EXCLUSIVE
'Dark Knight' director says he isn't sure he will make a third Bat-film. Why? He says: "I have to ask the question: How many good third movies in a franchise can people name?"
This is the first of a three-part interview with Christopher Nolan, the director of the astoundingly successful summer film “The Dark Knight,” which has pulled in $528 million in the U.S. alone (a total second only to “Titanic”) and has worldwide grosses that are now approaching the $1 billion mark.
The 38-year-old London native has just returned home to Los Angeles (where he attended the Spike TV Scream 2008 Awards, pictured above) after a monthlong stay at Anna Maria Island on the west coast of Florida where, along with playing on the beach with his children, he contemplated the commercial success of his grim superhero epic — as well as the industry buzz about the film’s chances during the upcoming Oscar season. In today's installment, he talks about the perceived politics of the movie, his plans for the future and that staggering box-office total.
GB: Welcome back to L.A. So I'm curious, tell me one of the surprises you've had during the journey of this film after its release on July 18.
NOLAN: It’s funny, I’ve been asked a lot about the politics of the film. I dismiss all such analogies [laughs]. It really isn’t something we think about as we put the story together, myself, David Goyer and Jonathan [Nolan, brother of the director]. But I would point to the interrogation scene with Batman and the Joker — not that there is a specific political point, per se — but that I was interested in getting the actors to explore a paradox: How do you fight somebody who essentially thrives on aggression?
GB: I winced when I read a lot of the political messaging that people said they detected in your film. I think a lot of that says more about my industry than it does yours.
NOLAN: [Laughs] "Yes, you may be right."
GB: It seems to me that, more often than not in a genre such as the one you’re working in, most of the political messaging has more to do with the viewer than the filmmaker. It’s inferred, not implied.
NOLAN: I agree completely. Especially if you do it right. If you’re working in a genre that is heightened reality. I like to talk about these films as having an operatic quality or being on a grand scale and a bit removed from the rhythms of real life, no matter how realistic we try to make the scenes themselves. In this scene, for instance, we went for the gritty realism in the textures of it, but it is a heightened reality. We’re trying to work on a more universal scale. If you get that right, people are going to be able to bring a wide variety of interpretations to it depending on who they are. It’s allowing the characters to be a conduit to the audience. Allowing an audience to sit there and relate to Batman and his dilemma
whether they are Republican or Democrat or whatever. ...
GB: "The Dark Knight" is closing in on $1 billion. How do you get your arms around that kind of success?

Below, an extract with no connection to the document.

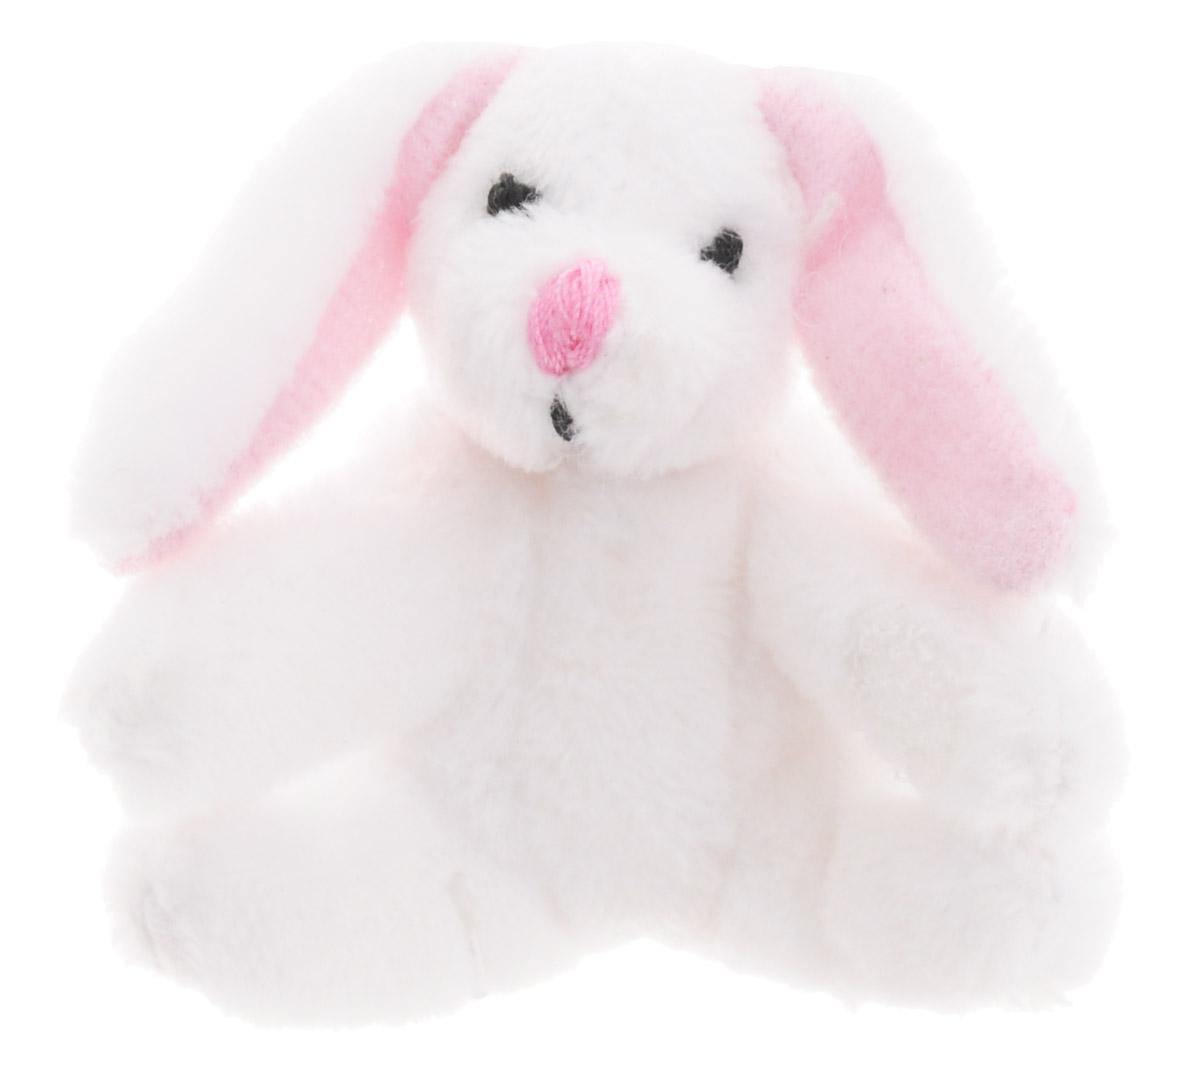 Beanzees Мягкая игрушка Кролик Hoppy 5 смB31001_4_белый кроликСимпатичная миниатюрная мягкая игрушка Beanzees Кролик Hoppy - это игрушка три в одном. Ее приятно держать в руках, увлекательно коллекционировать, а также эти игрушки можно соединять между собой с помощью липучек и носить как оригинальное украшение на шею или на руку. По легенде эти крошечные животные обитают все вместе в волшебном лесу под названием Бинзилэнд, в котором всегда ярко светит солнышко и цветут цветы. Размер игрушки 5 см, она выполнена из мягкого гипоаллергенного материала, набивка - синтетическое волокно, в том числе специальные пластиковые гранулы, делающие эту игрушку замечательным антистрессом. На лапках кролика располагаются маленькие текстильные липучки, с помощью которых игрушку можно соединять с другими.

NOLAN: I can’t get my arms around it, to be quite frank. It’s mystifying. It’s terrific but at the same time it’s a little abstract, the numbers are so big. The biggest thrill for me would be, with the number of people who have gone to see the film, how "The Dark Knight" stood on the shoulders of the first film, how we were able to build the audience up and build the story up from the first film. That was really exciting to see. We were all pretty happy with the performance of the first film but so we really didn’t know, "Where does it go from there?" For it to become such a phenomenon is extraordinarily gratifying. I mean, I’ve spent now like six years or something working on Batman films. It becomes an important part of your life; you become very obsessive about it, and it's pretty fun when there are other people sharing your obsession and going to see the film a dozen times or whatever.
Wrapping your arms around the scale of the success, as you ask, I don’t find that possible really. There’s something liberating in knowing that my next film, whatever it is, isn’t going to make as much money [laughter]. I don’t have to try for years.